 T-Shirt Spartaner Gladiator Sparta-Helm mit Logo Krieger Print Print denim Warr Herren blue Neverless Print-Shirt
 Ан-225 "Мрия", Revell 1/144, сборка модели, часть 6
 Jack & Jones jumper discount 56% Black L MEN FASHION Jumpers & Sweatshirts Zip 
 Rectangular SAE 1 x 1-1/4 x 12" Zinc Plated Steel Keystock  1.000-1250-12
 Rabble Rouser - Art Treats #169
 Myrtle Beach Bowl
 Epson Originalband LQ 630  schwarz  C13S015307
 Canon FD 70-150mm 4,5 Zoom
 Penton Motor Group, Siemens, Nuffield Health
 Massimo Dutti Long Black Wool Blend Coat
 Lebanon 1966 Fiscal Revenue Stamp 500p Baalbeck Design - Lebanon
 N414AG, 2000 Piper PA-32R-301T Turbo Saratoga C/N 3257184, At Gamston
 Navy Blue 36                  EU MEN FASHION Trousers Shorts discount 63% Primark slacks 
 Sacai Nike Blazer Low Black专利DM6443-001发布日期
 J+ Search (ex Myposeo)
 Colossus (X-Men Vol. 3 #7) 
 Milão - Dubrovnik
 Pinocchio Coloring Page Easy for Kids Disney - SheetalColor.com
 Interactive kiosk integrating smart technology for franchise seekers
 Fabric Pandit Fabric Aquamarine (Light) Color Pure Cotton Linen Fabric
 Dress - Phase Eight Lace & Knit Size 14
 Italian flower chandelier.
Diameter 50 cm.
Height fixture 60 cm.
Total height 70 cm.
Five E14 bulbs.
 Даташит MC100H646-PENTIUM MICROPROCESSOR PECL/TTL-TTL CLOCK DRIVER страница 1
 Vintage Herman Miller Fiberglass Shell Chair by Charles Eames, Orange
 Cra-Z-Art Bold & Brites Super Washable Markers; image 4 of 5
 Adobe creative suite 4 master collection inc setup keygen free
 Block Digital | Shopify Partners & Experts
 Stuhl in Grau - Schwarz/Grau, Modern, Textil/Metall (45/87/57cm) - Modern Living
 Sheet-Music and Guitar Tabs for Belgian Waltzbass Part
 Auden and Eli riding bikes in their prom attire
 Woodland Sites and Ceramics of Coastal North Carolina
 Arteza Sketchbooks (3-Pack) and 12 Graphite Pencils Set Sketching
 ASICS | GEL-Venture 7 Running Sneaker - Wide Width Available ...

★ ★ ★ ★ ★

▸ **Exercise requirements**:
Reproduce the full listing exactly.

▸ **Result below**:
 T-Shirt Spartaner Gladiator Sparta-Helm mit Logo Krieger Print Print denim Warr Herren blue Neverless Print-Shirt
 Ан-225 "Мрия", Revell 1/144, сборка модели, часть 6
 Jack & Jones jumper discount 56% Black L MEN FASHION Jumpers & Sweatshirts Zip 
 Rectangular SAE 1 x 1-1/4 x 12" Zinc Plated Steel Keystock  1.000-1250-12
 Rabble Rouser - Art Treats #169
 Myrtle Beach Bowl
 Epson Originalband LQ 630  schwarz  C13S015307
 Canon FD 70-150mm 4,5 Zoom
 Penton Motor Group, Siemens, Nuffield Health
 Massimo Dutti Long Black Wool Blend Coat
 Lebanon 1966 Fiscal Revenue Stamp 500p Baalbeck Design - Lebanon
 N414AG, 2000 Piper PA-32R-301T Turbo Saratoga C/N 3257184, At Gamston
 Navy Blue 36                  EU MEN FASHION Trousers Shorts discount 63% Primark slacks 
 Sacai Nike Blazer Low Black专利DM6443-001发布日期
 J+ Search (ex Myposeo)
 Colossus (X-Men Vol. 3 #7) 
 Milão - Dubrovnik
 Pinocchio Coloring Page Easy for Kids Disney - SheetalColor.com
 Interactive kiosk integrating smart technology for franchise seekers
 Fabric Pandit Fabric Aquamarine (Light) Color Pure Cotton Linen Fabric
 Dress - Phase Eight Lace & Knit Size 14
 Italian flower chandelier.
Diameter 50 cm.
Height fixture 60 cm.
Total height 70 cm.
Five E14 bulbs.
 Даташит MC100H646-PENTIUM MICROPROCESSOR PECL/TTL-TTL CLOCK DRIVER страница 1
 Vintage Herman Miller Fiberglass Shell Chair by Charles Eames, Orange
 Cra-Z-Art Bold & Brites Super Washable Markers; image 4 of 5
 Adobe creative suite 4 master collection inc setup keygen free
 Block Digital | Shopify Partners & Experts
 Stuhl in Grau - Schwarz/Grau, Modern, Textil/Metall (45/87/57cm) - Modern Living
 Sheet-Music and Guitar Tabs for Belgian Waltzbass Part
 Auden and Eli riding bikes in their prom attire
 Woodland Sites and Ceramics of Coastal North Carolina
 Arteza Sketchbooks (3-Pack) and 12 Graphite Pencils Set Sketching
 ASICS | GEL-Venture 7 Running Sneaker - Wide Width Available ...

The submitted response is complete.